Mitochondria in Prostate Cancer Diversity
Singh, Keshav K.   
University of Alabama Birmingham, Birmingham, AL, United States

The androgen receptor (AR) plays an important role in normal development of the prostate gland, in prostate carcinogenesis, and in the progression of prostate cancer to advanced metastatic disease. Traditional thinking is that AR localizes exclusively to the nucleus and that nuclear AR regulates genes that are essential to prostate cancer development. This is true. However, we demonstrate a previously unrecognized function of AR in mitochondria. We have discovered that AR 1) directly localizes into the mitochondria and 2) indirectly transcriptionally regulates nuclear genes whose products localize into mitochondria and perform mitochondrial functions.
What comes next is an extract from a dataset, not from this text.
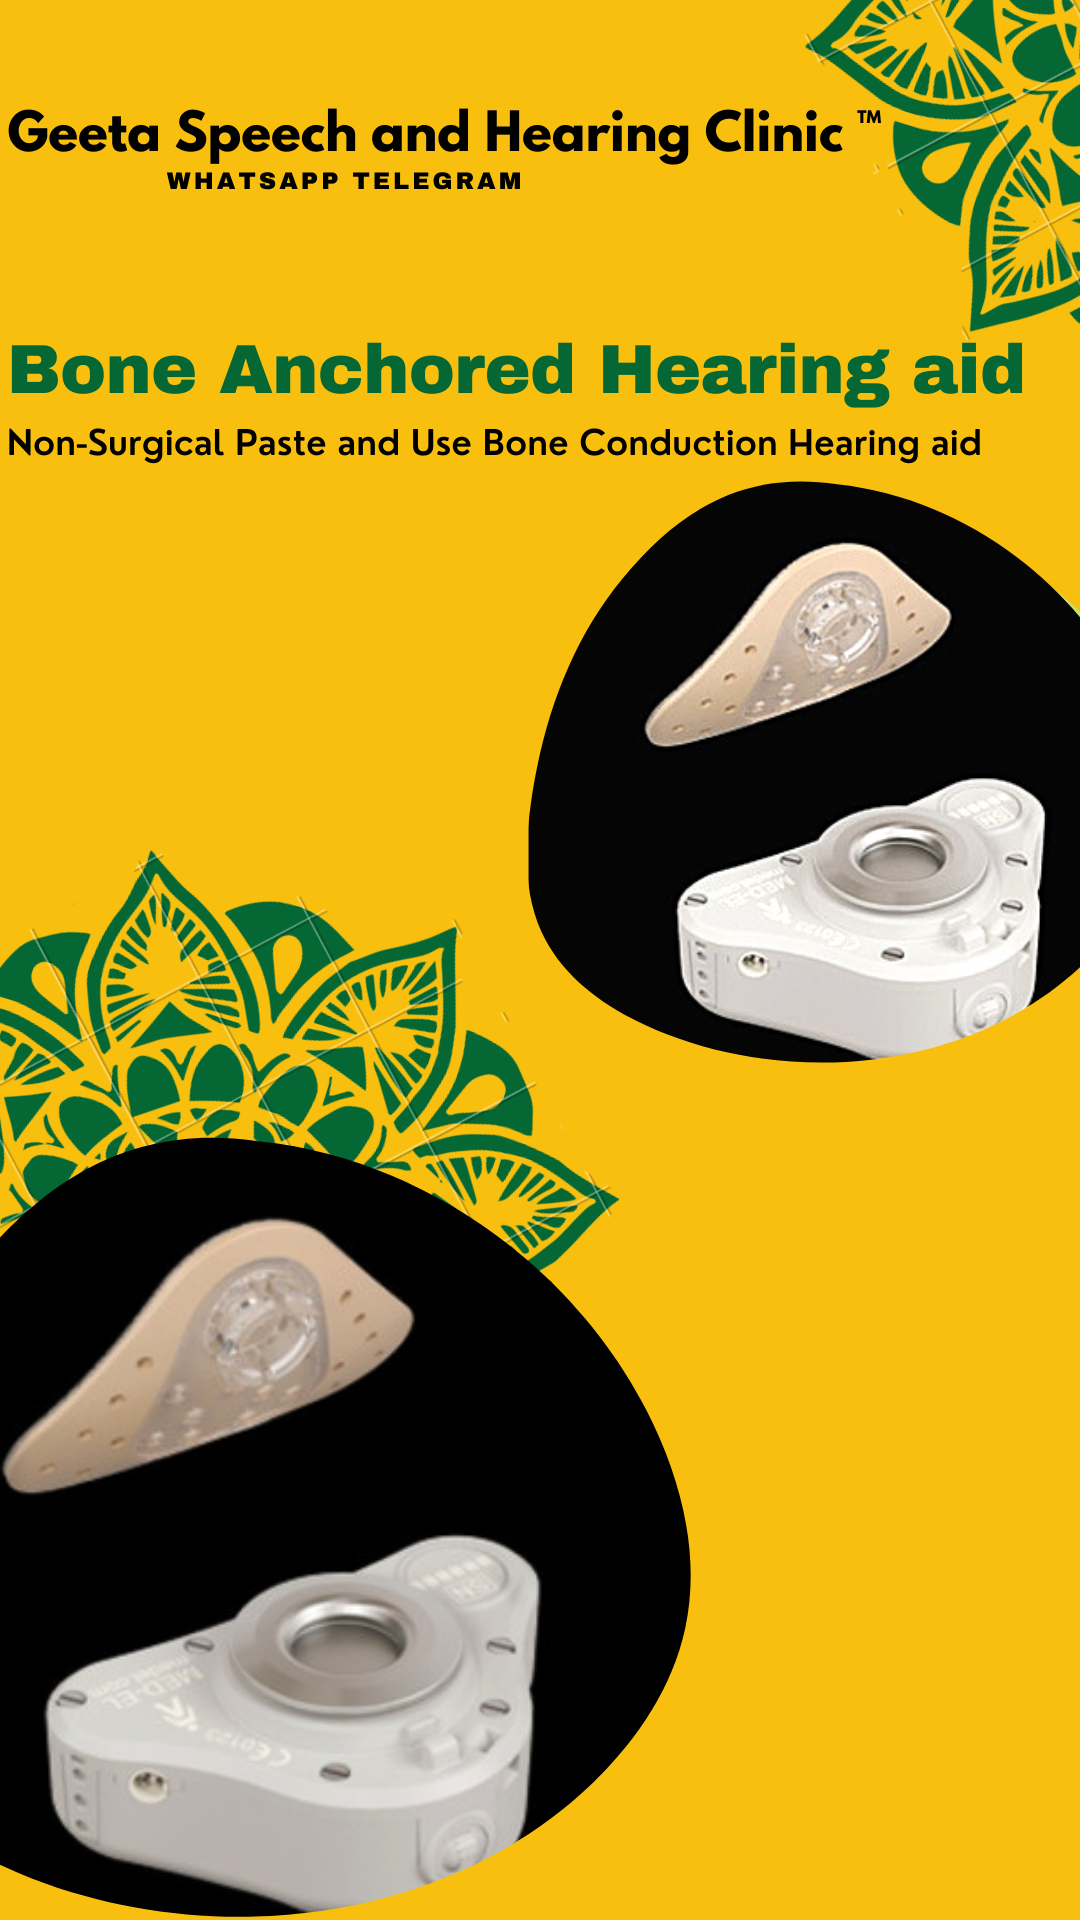 Bone anchored Hearing aid from GEETA SPEECH AND HEARING CLINIC
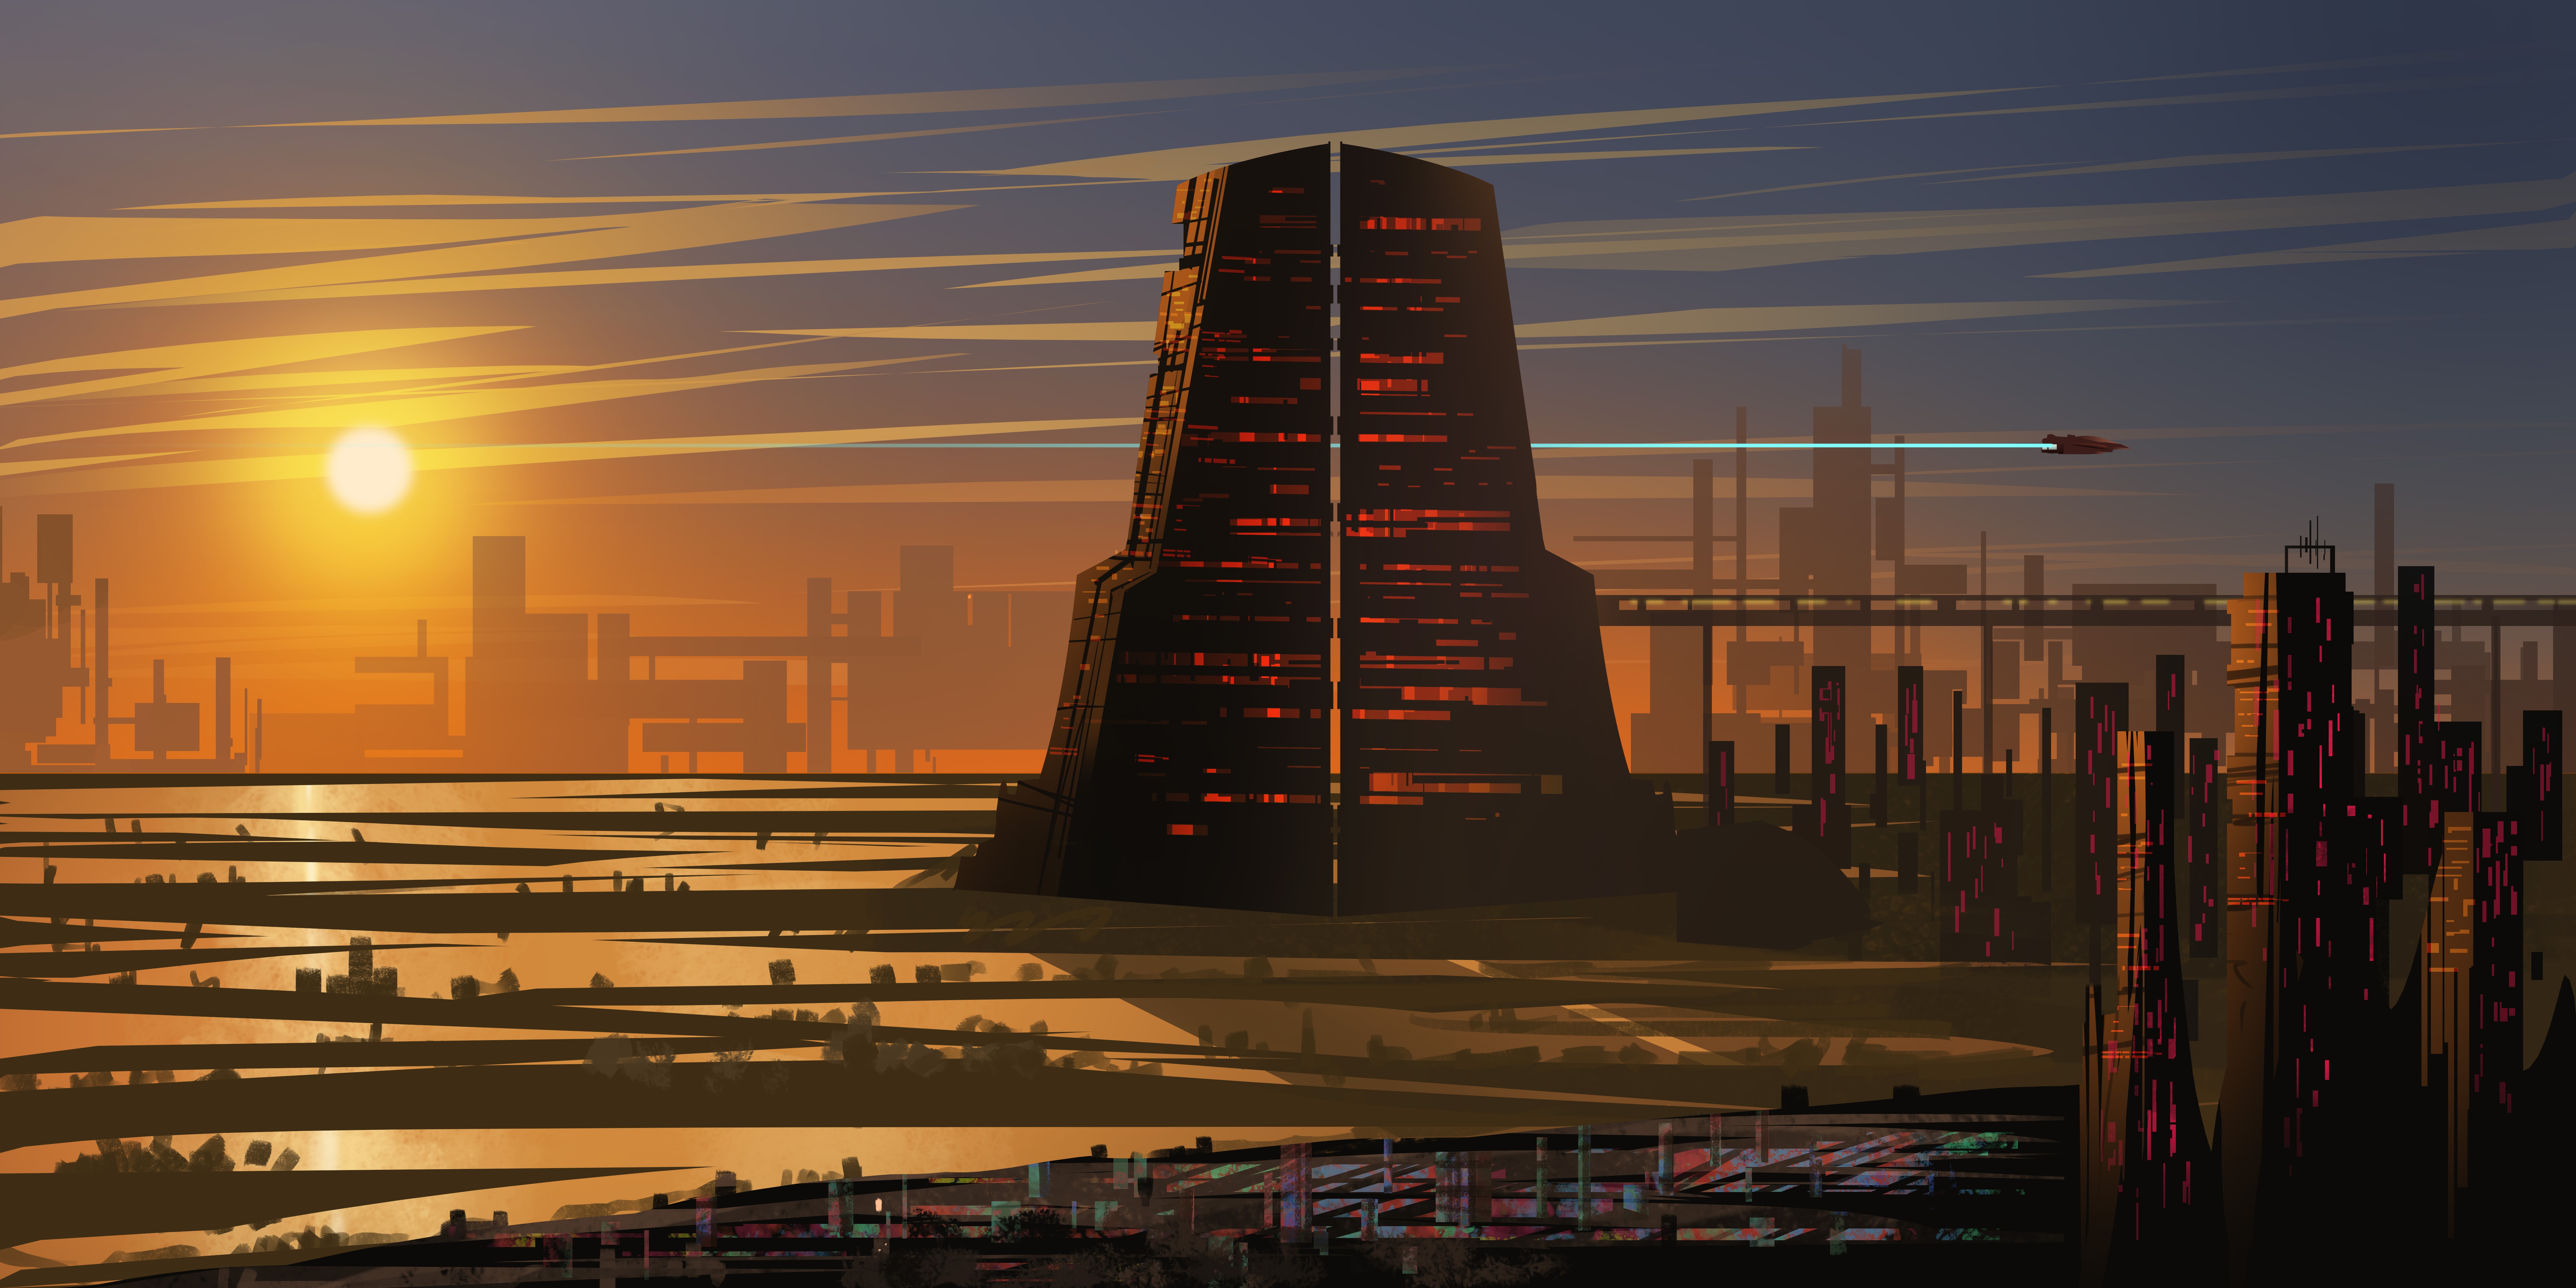 Artwork Digital Art Landscape Sunset Sky Science Fiction Futuristic Skyscraper City Tower Spaceship  9000x4500

Our studies reveal that i) AR localizes into mitochondria in primary prostate tissues and cell lines, ii) AR is imported into isolated mitochondria, and iii) AR contains a mitochondrial localization signal (MLS) capable of targeting foreign proteins, such as green fluorescent protein, into mitochondria. Indirectly, AR controls expression of a variety of nuclear DNA (nDNA)-encoded mitochondrial oxidative phosphorylation (mtOXPHOS) subunits, including NDUFB8 (Complex I), SDHB (Complex II), UQCRC2 (Complex III), COXII subunit (Complex IV), and ATP5A (Complex V). AR also down-regulates the TFAM, GFM1, and GFM2 genes, which control mitochondrial DNA (mtDNA) content. Consistent with this, the mtDNA content and the expression of mtDNA-encoded COX II protein is significantly reduced in PC3-AR prostate cells expressing AR. Notably, we demonstrate that the mtDNA content in prostate tumors of African-Americans (AA) is >6 times less than in tumors of Caucasian-Americans (CA). mtDNA content was also lower in normal prostates of AA than CA. To identify the underlying mitochondrial basis of prostate cancer diversity, we conducted comprehensive, race-based bioinformatics analyses of variants in more than 6000 AA and 33,000 CA and discovered, in the AR gene of AA, missense variants located in two domains: the N-terminal domain containing the MLS and the DNA-binding domain. Of note, missense mutations in CA were found only in the hinge domain containing the nuclear localization signal (NLS) of AR. Expression of AR variant S598G in PC3 cells reduced more than the wild type the expression of TFAM, which controls mtDNA content. We hypothesize that AR missense variants/mutants present, solely in AA, contribute to the gain or loss of mitochondrial function and thereby to prostate cancer diversity in AA.
AIM 1 : Determine the prognostic significance of AR missense variants/mutants and mtDNA content on prostate cancer metastasis and reoccurrence in AA and CA.
AIM 2 : Evaluate the significance of mitochondrial AR missense variants/mutants as direct regulators of mitochondrial functions that affect composition, organization, stability, and activity of mtOXPHOS super-complexes and apoptosis.
AIM 3 : Evaluate the significance of nuclear AR missense variants/mutants as indirect regulators of mitochondrial function.
AIM 4 : Use mouse xenograft model to establish the significance of mitochondrial and nuclear AA- and CA-specific AR missense variants/mutants on prostate tumorigenesis and metastasis.